Autoencoder with only one hidden layer, the dimensions in the data captured by the
autoencoder model approximate the results of Principal Component Analysis (PCA). However, an autoencoder behaves much differently if there is non-linearity involved. And this csae study is very much non-linear. The autoencoder will detect different latent factors that PCA will never be able to detect.

In [11]:
model = theanets.Autoencoder([780, (78,'relu'), 780])
dAE_model = model.train([mb], algo='rmsprop', input_noise=0.1, hidden_l1=.001, sparsity=0.9, num_updates=1000)
mb_dAE = model.encode(mb)
mb_dAE = np.asarray(mb_dAE, 'float32')
mb_dAE.shape

valid: 21 of 21 mini-batches from (649, 780)
train: 21 of 21 mini-batches from (649, 780)
downhill: compiling evaluation function
downhill: compiling RMSProp optimizer
downhill: setting: rms_halflife = 14
downhill: setting: rms_regularizer = 1e-08
downhill: setting: patience = 5
downhill: setting: validate_every = 10
downhill: setting: min_improvement = 0
downhill: setting: max_gradient_norm = 0
downhill: setting: max_gradient_elem = 0
downhill: setting: learning_rate = TensorConstant{0.0001}
downhill: setting: momentum = 0
downhill: setting: nesterov = False
downhill: validation 0 loss=2.059793 err=2.059152 *
downhill: RMSProp 1 loss=1.859053 err=1.858411
downhill: RMSProp 2 loss=1.530177 err=1.529347
downhill: RMSProp 3 loss=1.195426 err=1.194333
downhill: RMSProp 4 loss=0.972947 err=0.971652
downhill: RMSProp 5 loss=0.870457 err=0.869055
downhill: RMSProp 6 loss=0.823238 err=0.821782
downhill: RMSProp 7 loss=0.795459 err=0.793993
downhill: RMSProp 8 loss=0.778789 err=0.777316
downhi

(649, 78)

In [27]:
deep_features = model.find(1, 'w') # get deep features from hidden layer weights

In [30]:
print(deep_features.get_value())

[[ -1.62856655e-02   1.55826058e-02  -3.10872431e-03 ...,   3.99920489e-03
   -1.08326664e-02   6.62070141e-03]
 [ -4.09289000e-03  -7.36113827e-03   8.72672402e-03 ...,  -5.29473354e-03
   -5.70536946e-03   3.59003003e-02]
 [ -2.38483094e-02  -1.13283730e-02  -1.80755110e-03 ...,  -1.34162216e-03
   -1.23714148e-02  -2.40278328e-02]
 ..., 
 [  1.66781311e-02  -1.28154663e-02  -5.38442855e-02 ...,  -5.99715937e-03
   -1.96369397e-02   1.77364597e-02]
 [  1.25076353e-02   1.24950525e-02   2.78020631e-03 ...,  -1.14334099e-02
    4.08178309e-03  -1.21067084e-03]
 [ -2.24594425e-03  -1.62810792e-03  -1.68194820e-02 ...,   7.49590166e-05
   -9.45500708e-03   1.44203926e-02]]


## Deeper Jeeper Creepers

More hidden layers, where the "black box" mystique of deep learners come in play.
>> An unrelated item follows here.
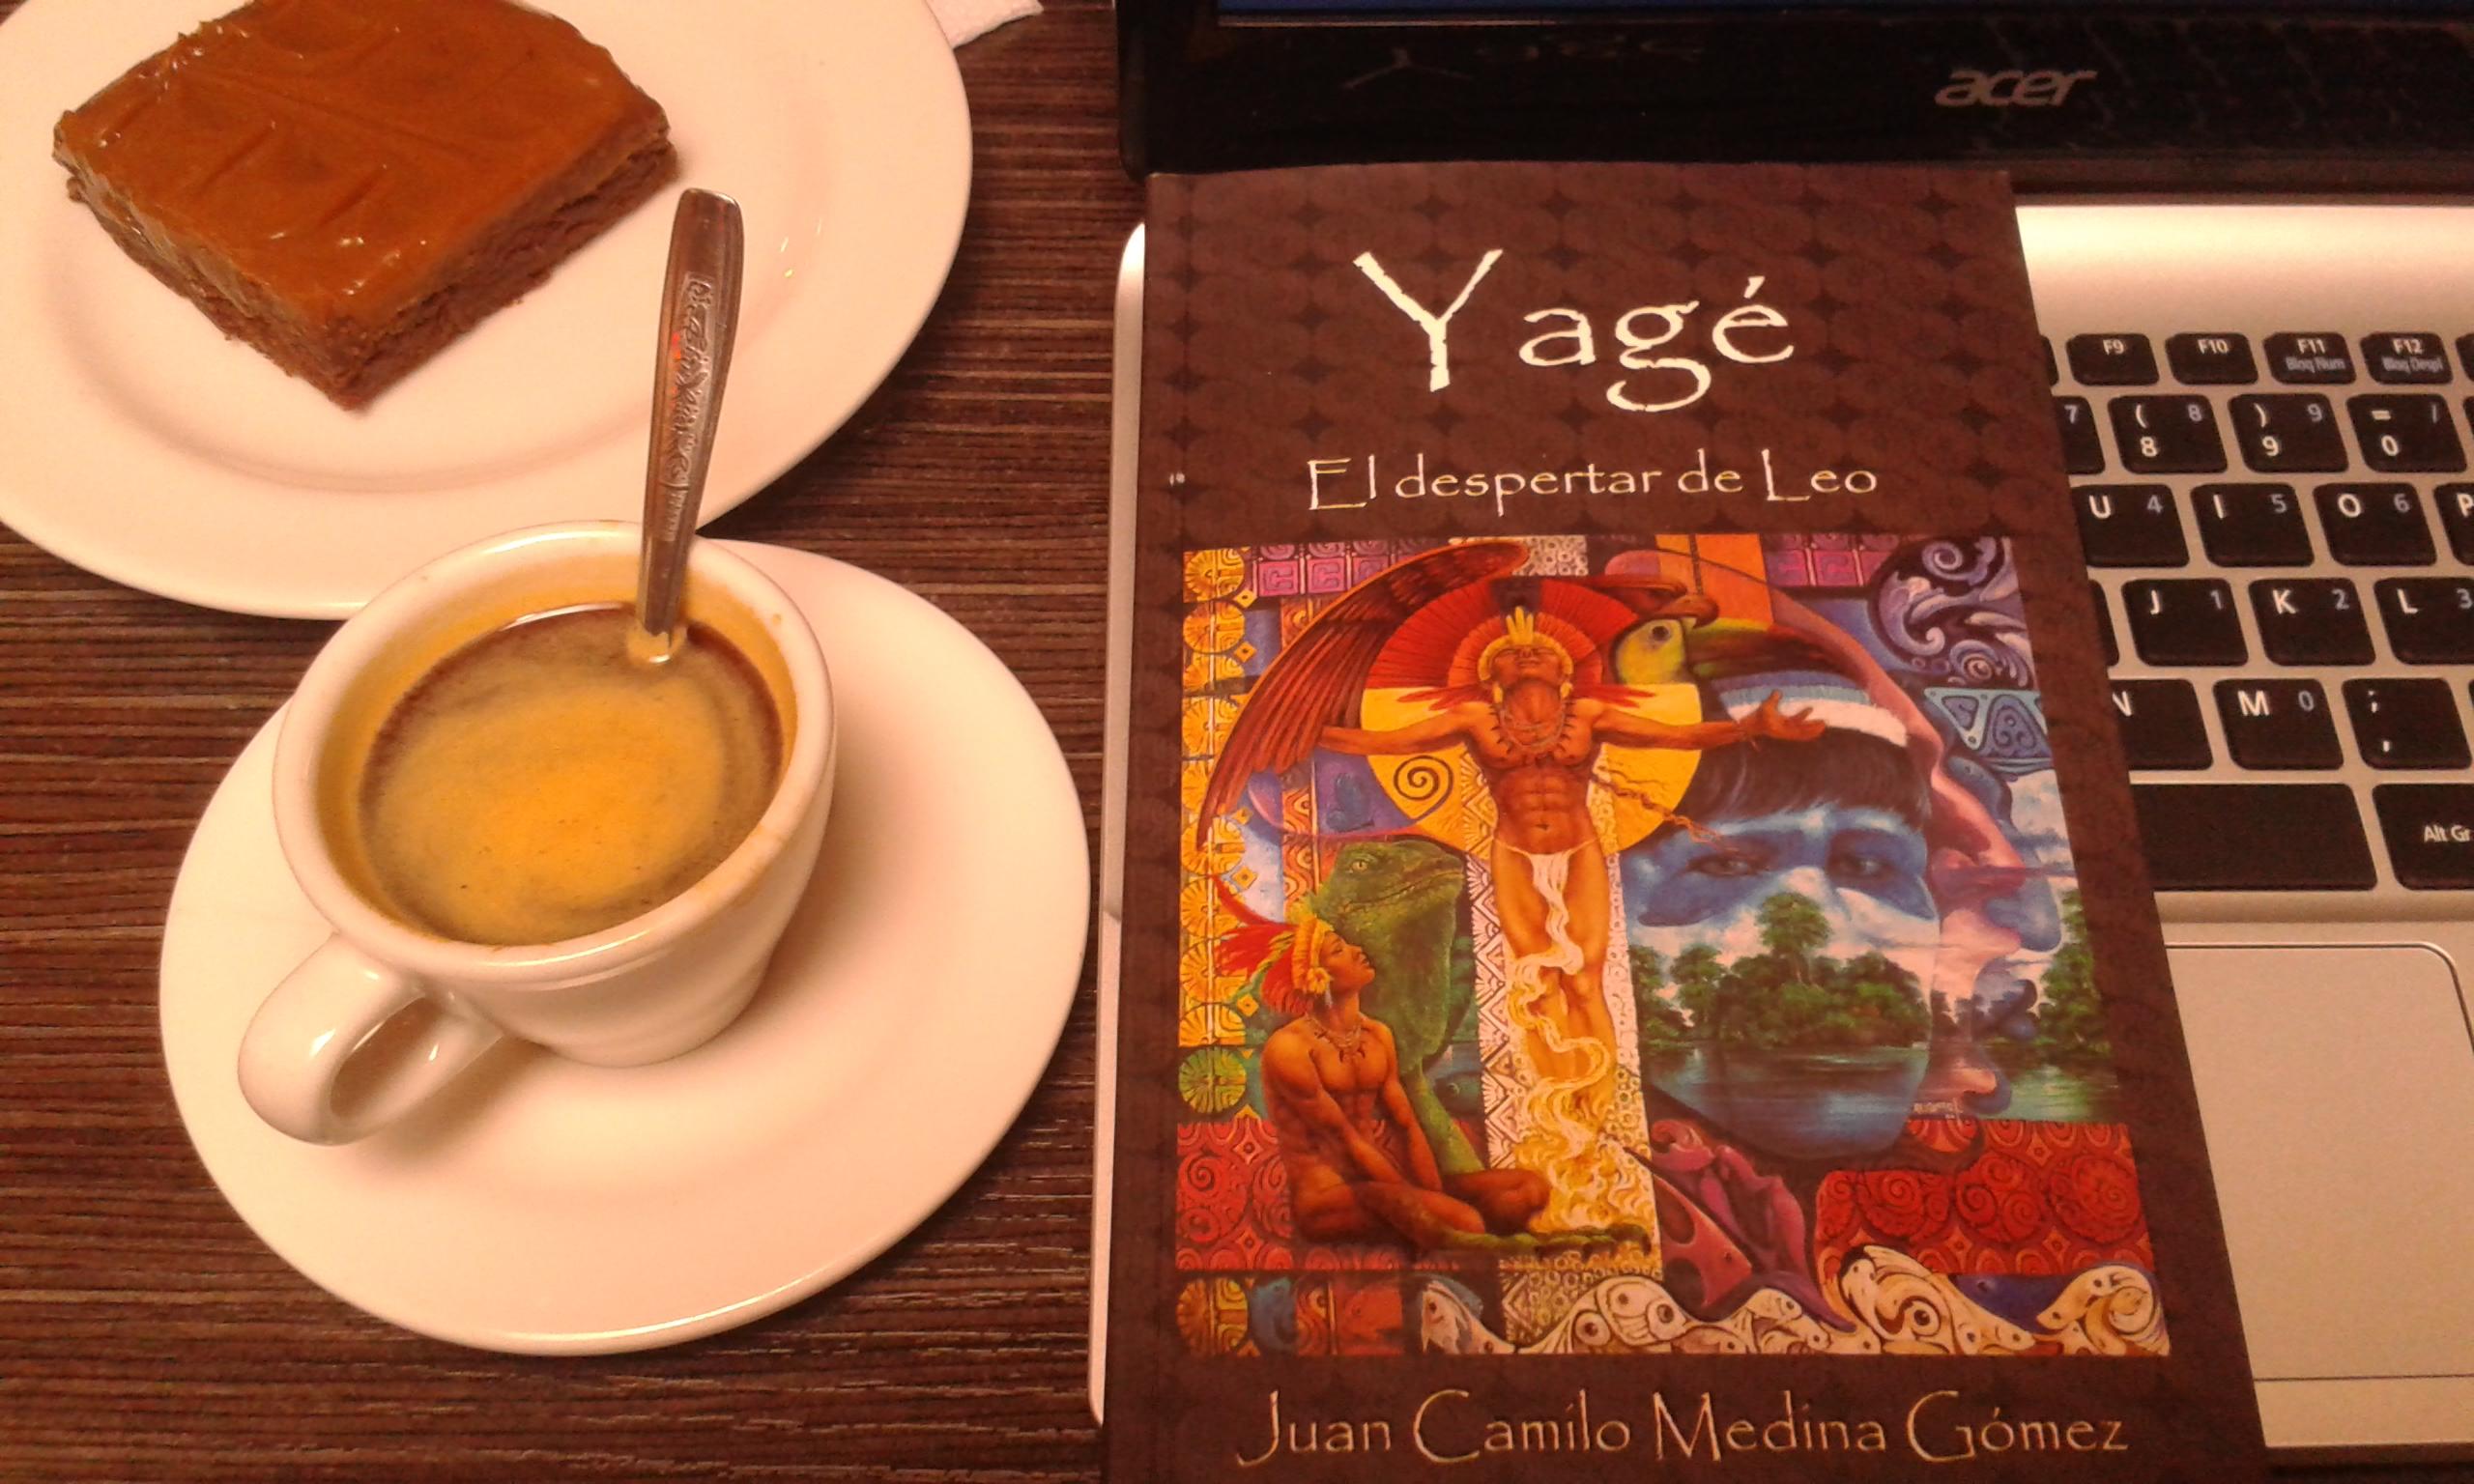 yagé, ayahuasca, juan camilo medina

How they get the deep features or what these features even mean, is at best, a deep dark mystery. After some devoted research we can make head and tails of it. Even make a more sophiscated deep learner to figure it out, but then again, we won't know how it got it conclusions. This is the "devil in the details" dilemma, they are always one step ahead of us.